You can certainly ask the Court to award you your costs and the Court may well do so BUT if you have trouble getting him to honour everything else, which appears to be the case, then it is a little unlikely that he will pay your costs. 

It is important also that you grasp that the legal costs you incur are your costs - your responsibility. Even if the Court awarded you your costs, if your husband won't pay them,  those costs are still your responsibility. Clients often feel that if there is an order for costs against their opponent, that the costs are no longer their own responsibility. And if the solicitors cannot get their fees from the other side, well, tough! 

That's not how it works. The client is always responsible for the costs they incur in pursuing their case. If they get a contribution or indemnity from the other side, then happy days!

mf


----------



## grownupgirl (2 Jan 2011)

Thanks mf1, I understand all that you have said and thanks for your reply. My question was actually about whether judges are likely to award costs in court. I have heard that costs are never awarded in family law cases and I just wanted to know if this is true.


----------



## mf1 (2 Jan 2011)

"costs are never awarded in family law cases"
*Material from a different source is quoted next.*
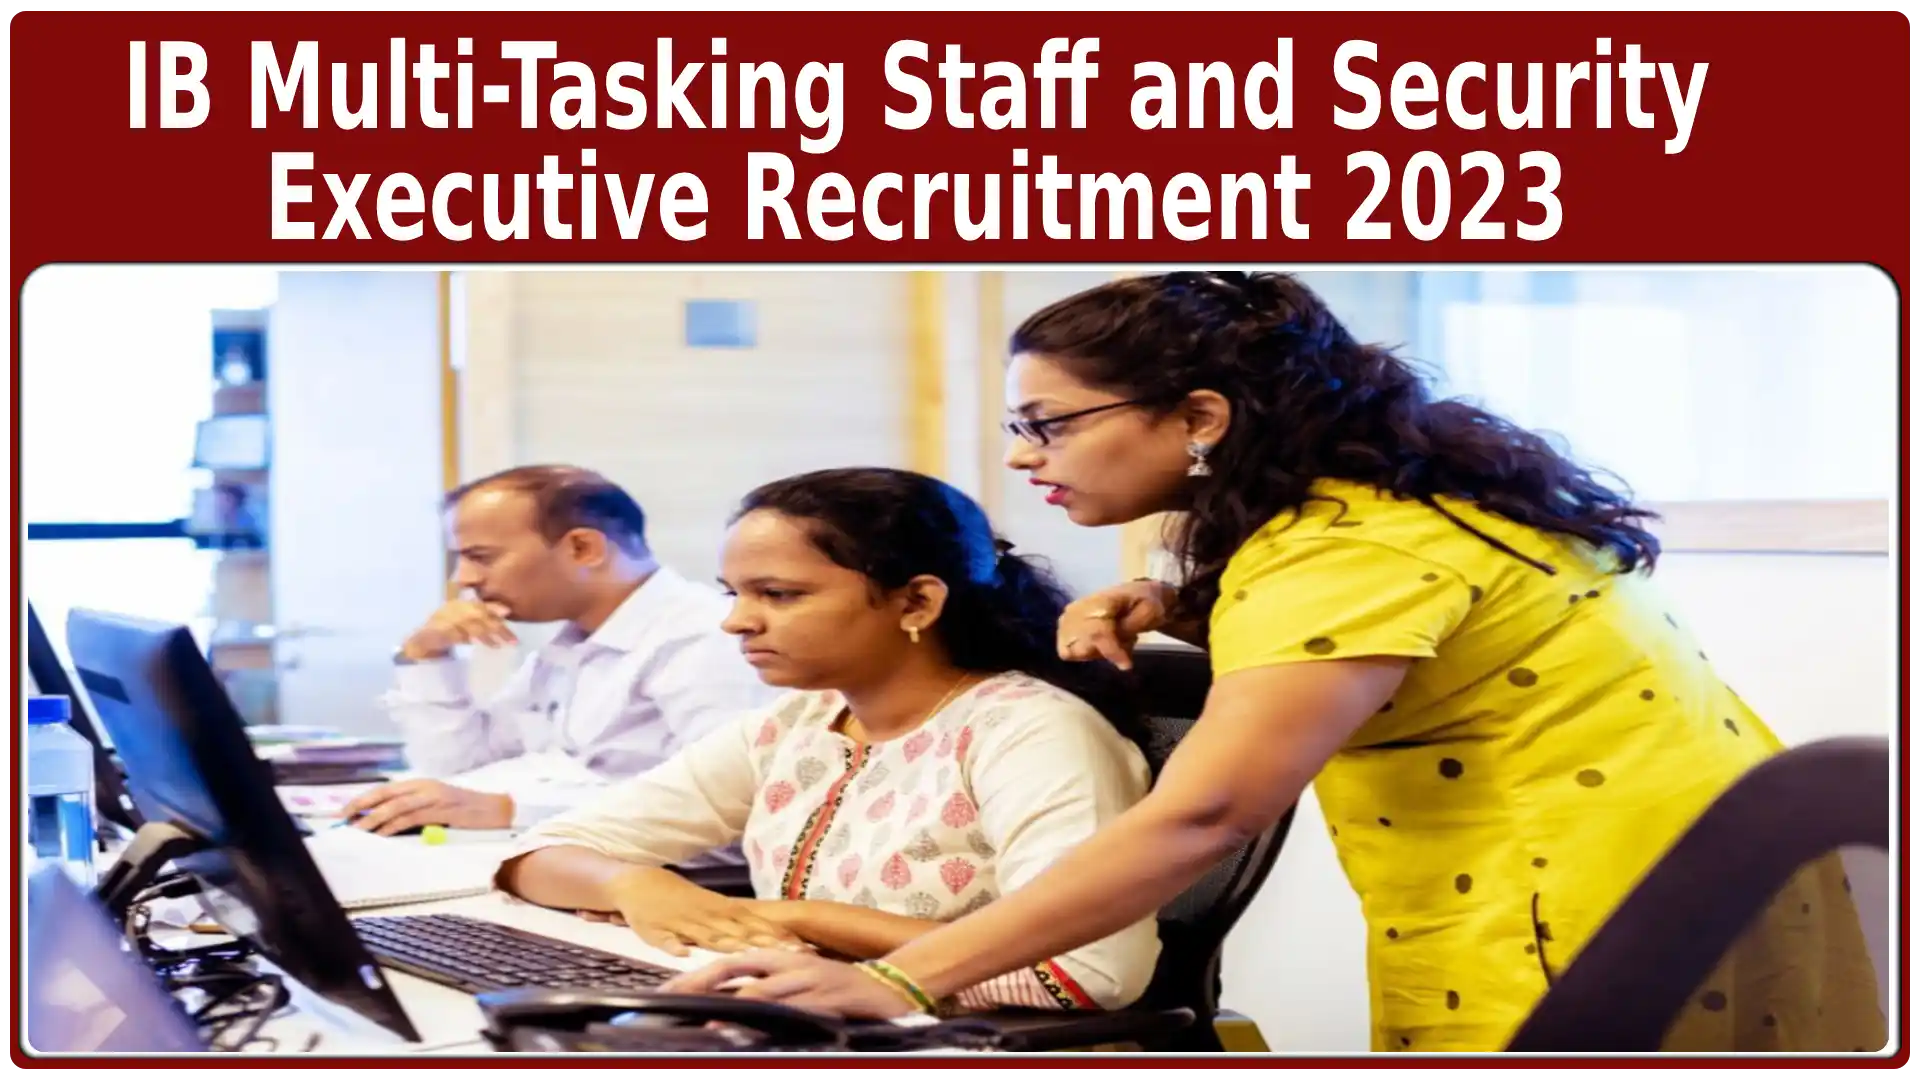 IB Multi-Tasking Staff and Security Executive Recruitment 2023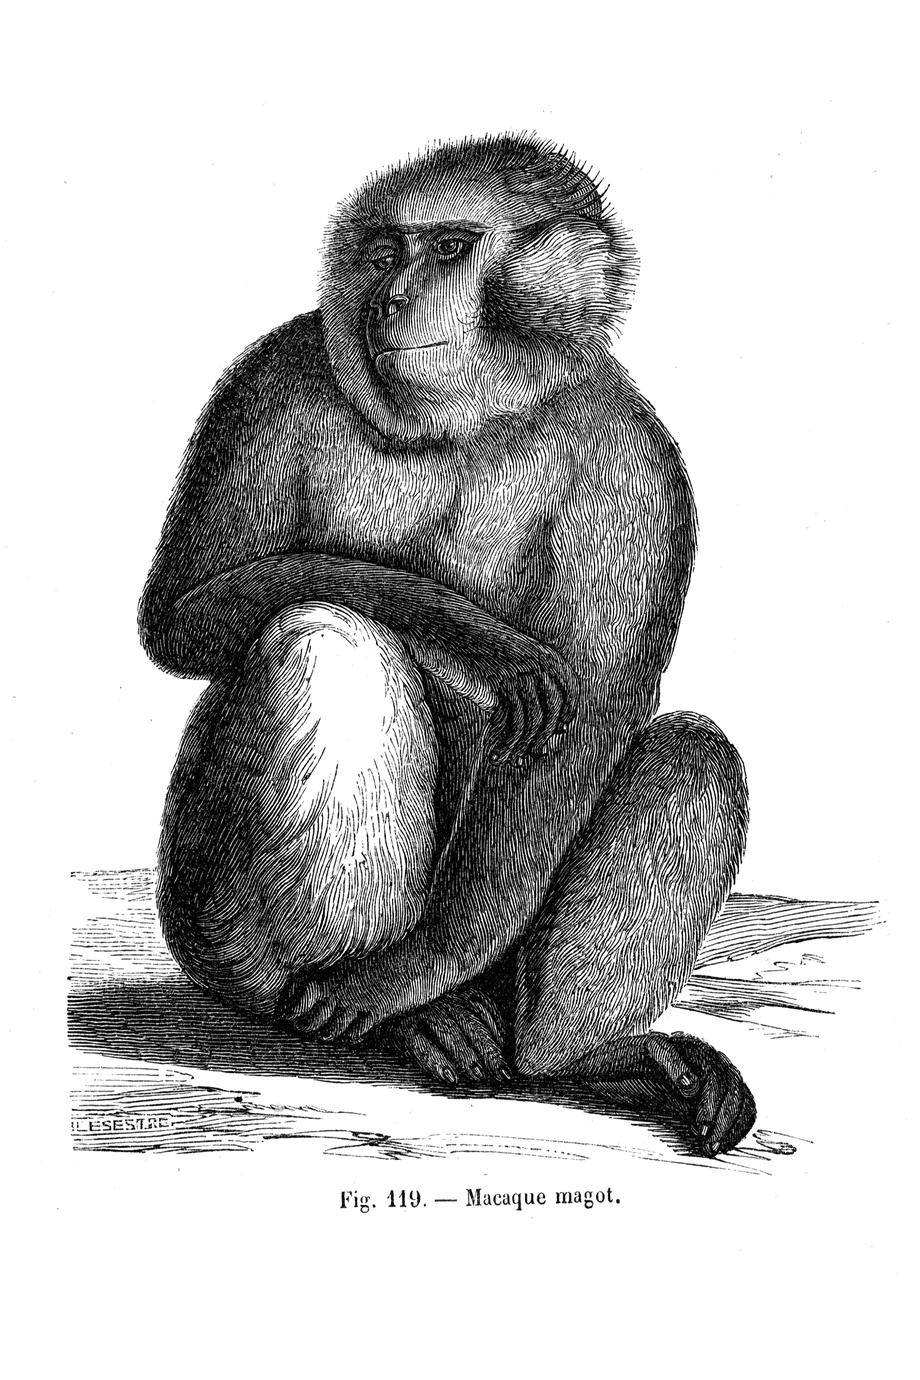 Macaque magot

It is the norm. But you can still ask and, in some cases , the Court will make that order.

mf


----------



## Mr. C.J.H. (2 Jan 2011)

I have been involved in many family law cases where one party or the engaged in nconscionable conduct and not once have I seen a Court award costs. I am a solicitor and since I moved firms about 9 months ago now rarely practice family law, nevertheless I asked a very experienced barrister (20 years+ call) who practices exclusively in the family courts whether she had ever been involved ina case where costs were awarded and she told me that the only time she had seen it was where there was consent from one party to same. She said that she has heard from colleagues of one or two examples over the years, but I think the OP's solicitor is right when they say that costs are virtually never awarded in family cases.


----------